African troops fire on C.Africa protesters, one dead

December 23, 2013 12:14 pm
A man holds a sign reading "No to Sangaris" in the Galabadia district of Bangui on December 22, 2013 during a protest against the French Sangaris Operation/AFP
A man holds a sign reading “No to Sangaris” in the Galabadia district of Bangui on December 22, 2013 during a protest against the French Sangaris Operation/AFP

, BANGUI, Dec 23 – African Union troops early on Monday fired on demonstrators protesting against the president of the strife torn Central African Republic, killing at least one person, according to AFP reporters on the scene.

Several hundred Christian demonstrators crowded at the entrance to the airport in Bangui, calling for the departure of President Michel Djotodia, who became the first Muslim leader of the majority Christian nation after a March coup that unleashed waves of violence in the country.

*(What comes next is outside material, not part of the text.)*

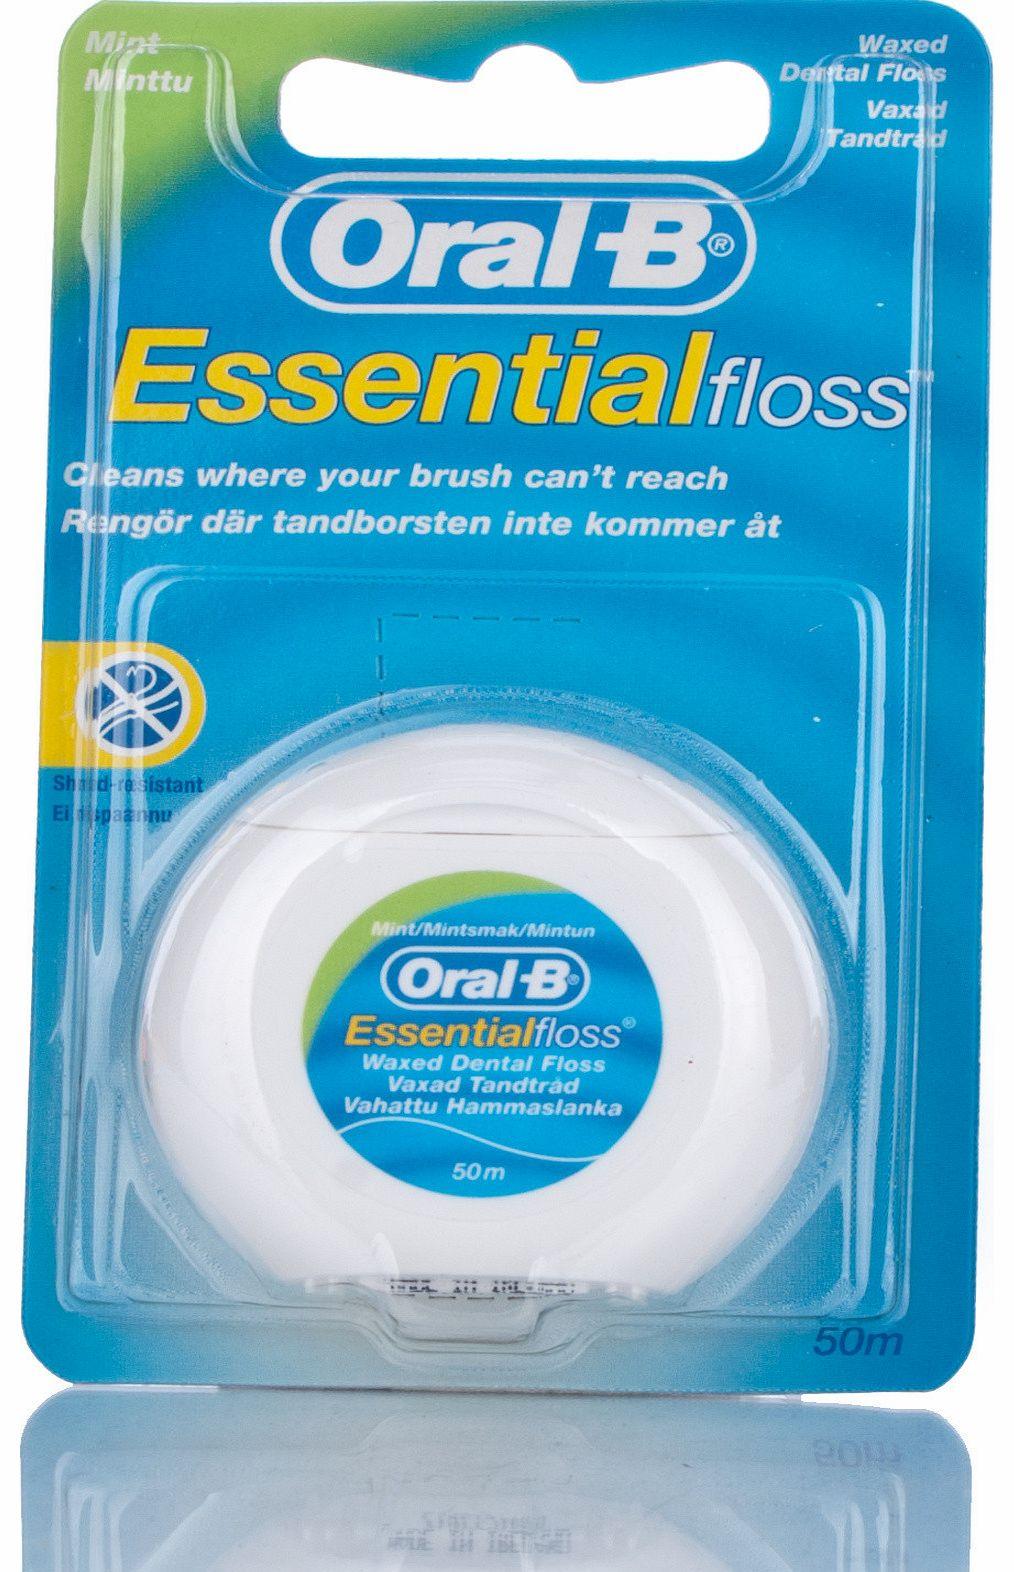 Dental floss reviews

They were also calling for the departure of Chadian troops from the African MISCA force that, alongside French troops, has been struggling to restore order in the country.

When two 4X4 vehicles with AU troops from Chad approached the demonstrators, the latter started throwing rocks in their direction.

The soldiers responded by firing their weapons in the air and toward the crowd, killing at least one person and wounding another, according to AFP reporters.

French troops quickly intervened to evacuate the victims.

Many in Bangui accuse Chad, whose President Idriss Deby Itno has been the perennial kingmaker in the Central African Republic, of masterminding the Seleka rebellion that led the March coup.

While Chadian troops are only one component of the 3,700 strong MISCA, African commanders admit that they have been following their own agenda.

Djotodia was the leader of the mostly Muslim Seleka coalition and although he disbanded the group after the coup, some members went rogue.

Months of killing, raping and pillaging followed, sparking international warnings of a major humanitarian crisis and prompting Christians to form vigilante groups.

France has deployed 1,600 soldiers to its former colony alongside the MISCA force.

The French intervention has been largely welcomed by the Christian majority but many Muslims argue operations against the remnants of Seleka have left them exposed to reprisals.

On Sunday several thousand Muslim supporters of Seleka protested in Bangui against French troops, a demonstration that swelled after three ex-Seleka fighters were reported killed in clashes with French soldiers.